Task statement: In the records below, find each line with the word "Park" and copy it.

Data supplied:
###

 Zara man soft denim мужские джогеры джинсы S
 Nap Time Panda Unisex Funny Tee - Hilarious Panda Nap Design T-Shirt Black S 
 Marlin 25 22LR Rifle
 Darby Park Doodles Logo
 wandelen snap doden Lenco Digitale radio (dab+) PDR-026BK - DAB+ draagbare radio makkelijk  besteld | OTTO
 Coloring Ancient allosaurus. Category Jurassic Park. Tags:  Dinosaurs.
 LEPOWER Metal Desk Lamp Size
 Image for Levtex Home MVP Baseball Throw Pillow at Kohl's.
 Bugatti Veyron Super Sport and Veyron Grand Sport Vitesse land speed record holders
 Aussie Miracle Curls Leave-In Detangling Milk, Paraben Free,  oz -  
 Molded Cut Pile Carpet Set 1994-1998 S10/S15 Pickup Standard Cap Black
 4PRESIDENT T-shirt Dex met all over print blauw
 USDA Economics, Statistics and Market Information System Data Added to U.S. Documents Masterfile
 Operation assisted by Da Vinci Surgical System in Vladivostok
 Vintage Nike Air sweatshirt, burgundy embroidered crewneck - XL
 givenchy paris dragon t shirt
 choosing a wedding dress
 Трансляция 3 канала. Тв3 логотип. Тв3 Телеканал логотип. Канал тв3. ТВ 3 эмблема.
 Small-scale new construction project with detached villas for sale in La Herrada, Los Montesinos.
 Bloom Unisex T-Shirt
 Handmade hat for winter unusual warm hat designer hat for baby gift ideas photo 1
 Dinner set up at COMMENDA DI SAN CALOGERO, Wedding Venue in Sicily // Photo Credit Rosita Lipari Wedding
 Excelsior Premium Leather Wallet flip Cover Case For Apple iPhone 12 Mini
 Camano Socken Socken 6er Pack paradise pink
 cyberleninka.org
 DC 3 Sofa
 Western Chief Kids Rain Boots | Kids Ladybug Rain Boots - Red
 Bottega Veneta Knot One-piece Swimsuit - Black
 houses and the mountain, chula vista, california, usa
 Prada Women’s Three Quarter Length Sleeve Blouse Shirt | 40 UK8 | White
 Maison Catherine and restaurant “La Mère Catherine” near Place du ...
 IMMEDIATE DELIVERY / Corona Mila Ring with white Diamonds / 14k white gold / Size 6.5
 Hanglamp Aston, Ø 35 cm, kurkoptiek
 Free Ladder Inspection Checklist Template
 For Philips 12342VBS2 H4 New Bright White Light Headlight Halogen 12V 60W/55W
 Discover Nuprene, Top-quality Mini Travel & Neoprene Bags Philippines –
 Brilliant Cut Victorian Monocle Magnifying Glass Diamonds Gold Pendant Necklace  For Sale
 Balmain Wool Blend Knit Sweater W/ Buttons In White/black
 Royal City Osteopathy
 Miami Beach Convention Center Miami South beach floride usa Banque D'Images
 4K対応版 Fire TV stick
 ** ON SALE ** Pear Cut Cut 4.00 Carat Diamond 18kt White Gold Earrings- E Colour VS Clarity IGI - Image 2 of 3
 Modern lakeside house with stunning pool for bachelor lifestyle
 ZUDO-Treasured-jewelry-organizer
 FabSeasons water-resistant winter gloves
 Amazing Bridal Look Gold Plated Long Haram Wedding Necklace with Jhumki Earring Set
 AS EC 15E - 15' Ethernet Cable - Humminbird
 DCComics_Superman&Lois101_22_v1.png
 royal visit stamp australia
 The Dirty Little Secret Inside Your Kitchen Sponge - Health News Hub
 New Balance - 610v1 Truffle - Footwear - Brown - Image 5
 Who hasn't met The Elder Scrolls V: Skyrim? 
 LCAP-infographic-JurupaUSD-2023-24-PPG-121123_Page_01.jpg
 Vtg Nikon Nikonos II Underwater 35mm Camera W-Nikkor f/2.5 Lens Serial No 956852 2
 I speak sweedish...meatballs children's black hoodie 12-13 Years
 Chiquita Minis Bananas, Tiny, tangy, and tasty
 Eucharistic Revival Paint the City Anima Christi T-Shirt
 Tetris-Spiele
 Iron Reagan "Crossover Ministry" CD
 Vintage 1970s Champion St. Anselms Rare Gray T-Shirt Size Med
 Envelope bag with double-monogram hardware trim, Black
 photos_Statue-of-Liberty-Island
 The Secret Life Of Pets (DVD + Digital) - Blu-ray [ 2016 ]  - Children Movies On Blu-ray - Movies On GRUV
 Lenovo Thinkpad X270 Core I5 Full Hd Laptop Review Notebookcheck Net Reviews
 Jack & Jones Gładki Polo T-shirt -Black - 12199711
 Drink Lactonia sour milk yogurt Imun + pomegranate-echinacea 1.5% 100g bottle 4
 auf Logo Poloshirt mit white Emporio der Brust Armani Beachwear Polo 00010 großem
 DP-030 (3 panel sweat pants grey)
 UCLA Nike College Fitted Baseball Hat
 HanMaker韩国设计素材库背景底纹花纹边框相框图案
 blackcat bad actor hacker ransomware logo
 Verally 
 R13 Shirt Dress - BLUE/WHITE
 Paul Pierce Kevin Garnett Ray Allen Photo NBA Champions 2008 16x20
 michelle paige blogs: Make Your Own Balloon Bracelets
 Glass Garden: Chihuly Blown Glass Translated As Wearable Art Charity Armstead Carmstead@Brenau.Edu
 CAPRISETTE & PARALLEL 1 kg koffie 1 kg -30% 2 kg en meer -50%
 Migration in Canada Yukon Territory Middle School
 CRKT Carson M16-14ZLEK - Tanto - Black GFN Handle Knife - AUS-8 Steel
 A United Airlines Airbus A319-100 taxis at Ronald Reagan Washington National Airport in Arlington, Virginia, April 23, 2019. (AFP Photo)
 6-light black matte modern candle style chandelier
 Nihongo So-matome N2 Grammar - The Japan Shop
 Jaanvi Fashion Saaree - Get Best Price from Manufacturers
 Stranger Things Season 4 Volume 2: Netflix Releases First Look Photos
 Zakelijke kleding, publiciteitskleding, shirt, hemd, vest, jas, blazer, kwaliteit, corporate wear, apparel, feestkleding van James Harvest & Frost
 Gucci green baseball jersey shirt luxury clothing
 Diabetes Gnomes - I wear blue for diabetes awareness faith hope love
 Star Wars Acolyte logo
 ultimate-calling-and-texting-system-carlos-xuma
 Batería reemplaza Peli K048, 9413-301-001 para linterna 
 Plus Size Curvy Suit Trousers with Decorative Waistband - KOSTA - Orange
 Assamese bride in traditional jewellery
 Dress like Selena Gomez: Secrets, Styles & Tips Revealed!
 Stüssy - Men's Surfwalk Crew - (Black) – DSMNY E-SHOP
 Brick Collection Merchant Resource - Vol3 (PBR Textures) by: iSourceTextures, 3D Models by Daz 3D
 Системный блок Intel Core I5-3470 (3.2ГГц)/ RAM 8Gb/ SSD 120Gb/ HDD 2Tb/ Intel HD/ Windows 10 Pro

###

Written answer:
 Darby Park Doodles Logo
 Coloring Ancient allosaurus. Category Jurassic Park. Tags:  Dinosaurs.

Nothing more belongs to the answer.